A large variety of hardware was used (AMD and Intel, multi-core and
monocore...). Unfortunately, there were no recent processors : it would have
been interesting to know whether the benchmarks could run well on new hardware,
especially when it comes to HPC, since all processors used in this field are
up-to-date\footnote{http://www.top500.org/stats/list/36/procgen}. Processors
have been changing a lot lately : for example, the L3 cache is now almost always
shared between all the cores.  These tests were all conclusive.
%Dempsey 5060 => May 23rd, 2006
%Xeon E7450 => September, 15th, 2008
%AMD Athlon 3200 unicore
%Itanium Montvale => October 2007

\subsubsection{Other tests}
%XXX
When we tried the program on a Nehalem E5504 though, it was unable to correctly
estimate the size of the L1 cache : indeed, it was only able to detect 16KB out
of 32KB of L1 cache.

The algorithm is definitely not wrong : the only issue is the way the first
peak is detected.
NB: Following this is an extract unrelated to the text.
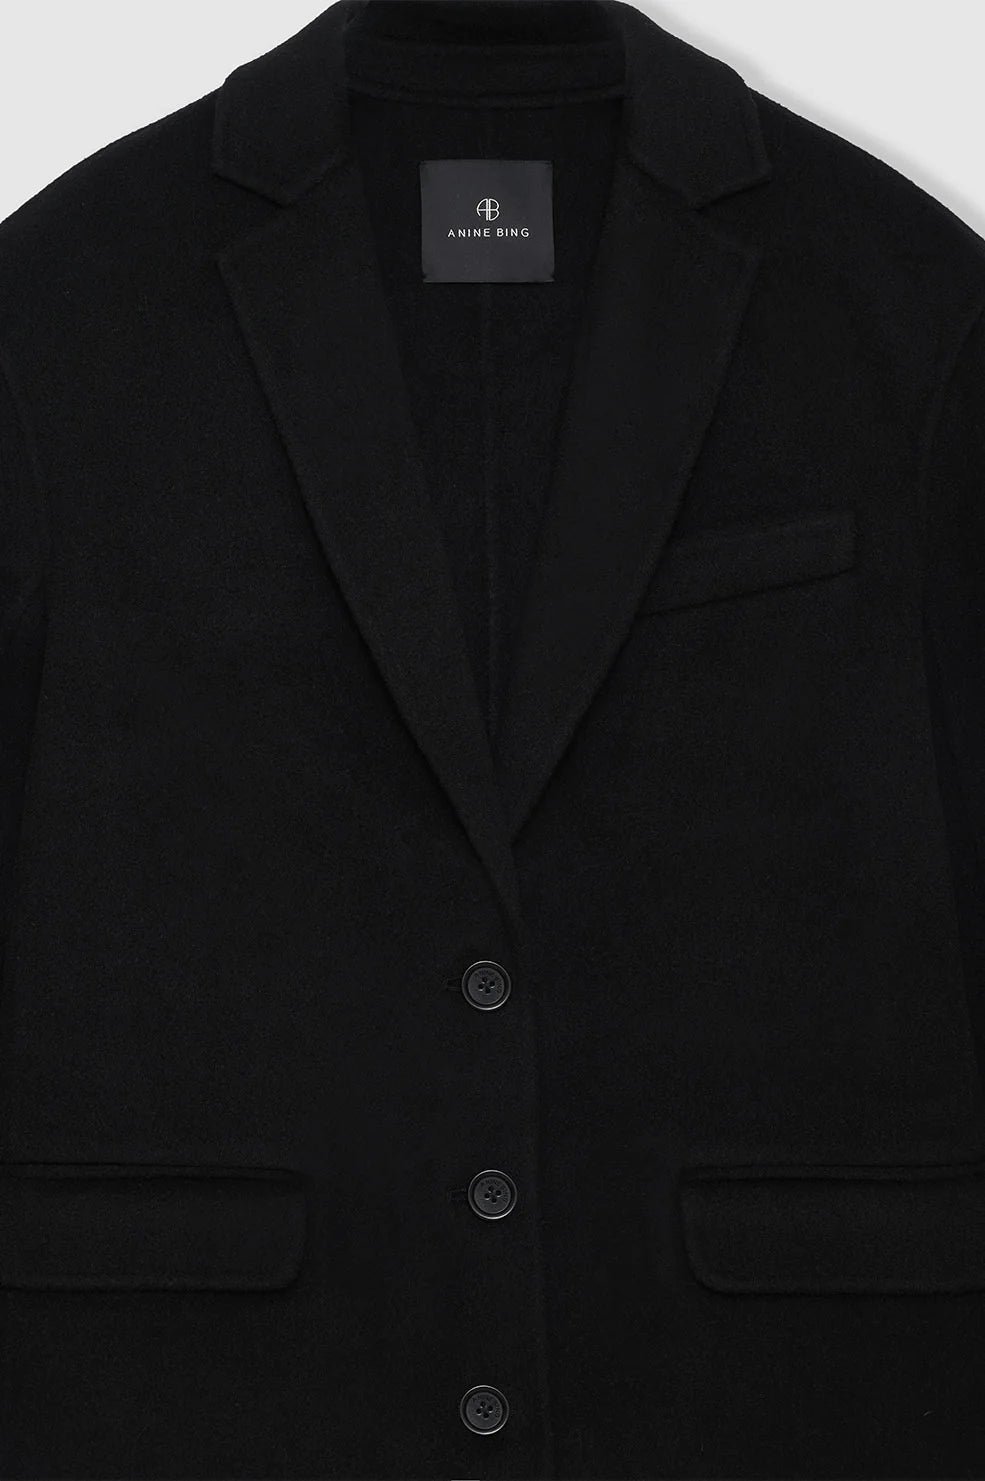 Anine Bing Quinn Coat - Black Cashmere Blend

Basically, the application computes gradients ($ C[k+1]/C[k],
0 \le k < n $), and the first gradient greater than a predefined threshold
indicates the cache size \footnote{See est\_cache\_size.c for more
information on the behaviour of the code}

\lstset{caption=A part of the output of $./job.sh\ est\_cache$ on a Nehalem E5504}
\begin{lstlisting}
For size 16 KBytes -> gradient = 1.356991
For size 32 KBytes -> gradient = 2.239814
For size 64 KBytes -> gradient = 1.142565
\end{lstlisting}

This output clearly shows that the cache size is 32KBytes. However, the
threshold being set to 1.35, the program will return "16KBytes" as the L1 cache
size.

I contacted the Servet developers to tell them about this issue. According to
them, one way to fix this bug would probably consist in selecting the highest
gradient instead of the first gradient greater than a arbitrarily given value :

\begin{quotation}
"Selecting the highest value in a typical L1 cache size range might be the best
approach. Probable we have to refine this, as this could have some impact. We
have seen around 99\% of successful L1 approximations, and any change should
increase this overall rate!"
\begin{flushright}Guillermo Lopez Taboada\end{flushright}
\end{quotation}

\subsection{Knowing the cache size may not be enough}
Knowing the cache size, developers may write code which does not raise cache
misses too often, thus increasing its performance. Another similar measurement
may help decreasing the memory access cost : the size of the TLB. Saavedra and
Smith\cite{Cache_TLB} proved that encountering TLB misses can significantly
decrease performance. That is definitely a benchmark to add to Servet in order
to be able to efficiently use a processor.

\subsection{Shared Caches}
In order to perfectly use the cache in a multicore machine, one has to know what
cache are shared between the cores. Indeed, if two different cores need to
access different data at the same time and use the same cache, they will keep
replacing data in the cache, thus losing time. On the opposite, if they have to
access the same piece of data at the same time, using a cache shared between
them could improve performance.

Therefore, the algorithm used by Servet is quite simple. Two cores try to
access two arrays at the same time. If the number of cycles required to achieve
this is significantly higher than expected (basically, greater than twice the
time needed for a single core to access the elements of one of the arrays), then
the cores probably do not share the cache. This algorithm is repeated for each
level of cache, using arrays of size $\frac{2}{3} * cache size$ (which makes it
impossible for the arrays to both fit in the cache).